• **ACTIVITY**
From the data below, repeat exactly the lines from the line with "4/6pcs Starfish Dolphin" to the line with "A DECORATIVE BRASS", both included.

• **THE INPUT**
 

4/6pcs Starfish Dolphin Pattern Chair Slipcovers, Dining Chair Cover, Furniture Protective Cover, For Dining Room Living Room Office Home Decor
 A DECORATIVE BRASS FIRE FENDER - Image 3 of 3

* * *

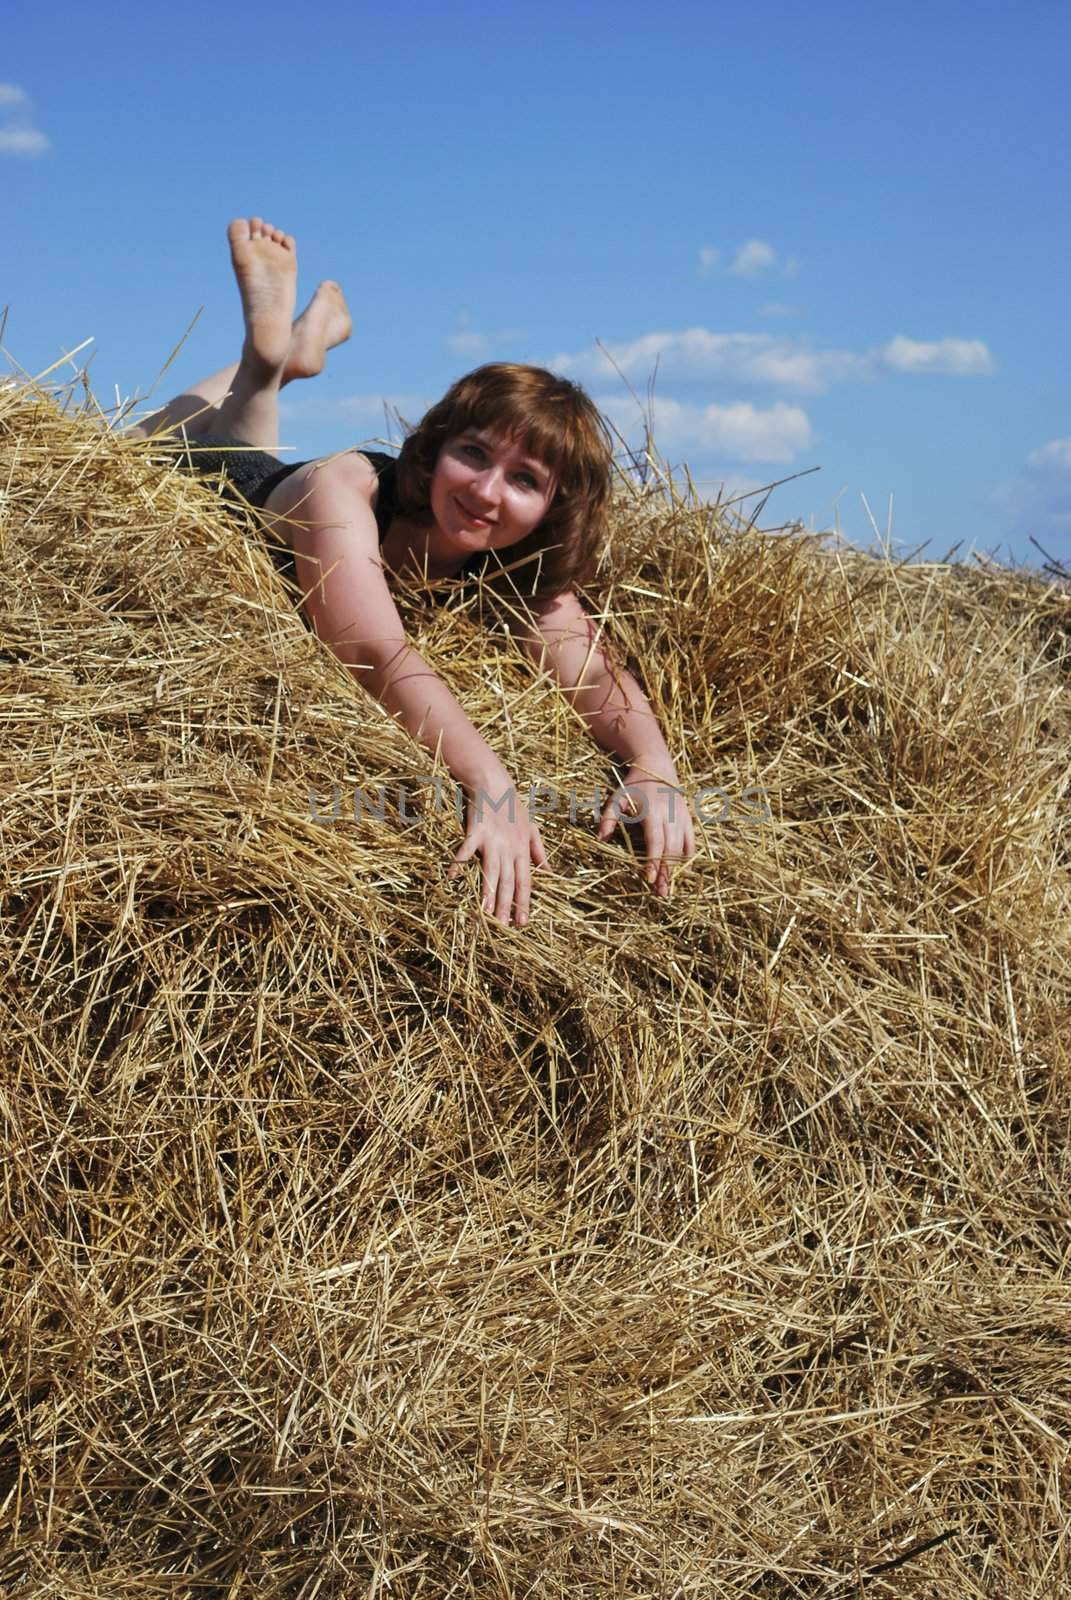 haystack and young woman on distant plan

• **EXERCISE SOLUTION**
4/6pcs Starfish Dolphin Pattern Chair Slipcovers, Dining Chair Cover, Furniture Protective Cover, For Dining Room Living Room Office Home Decor
 A DECORATIVE BRASS FIRE FENDER - Image 3 of 3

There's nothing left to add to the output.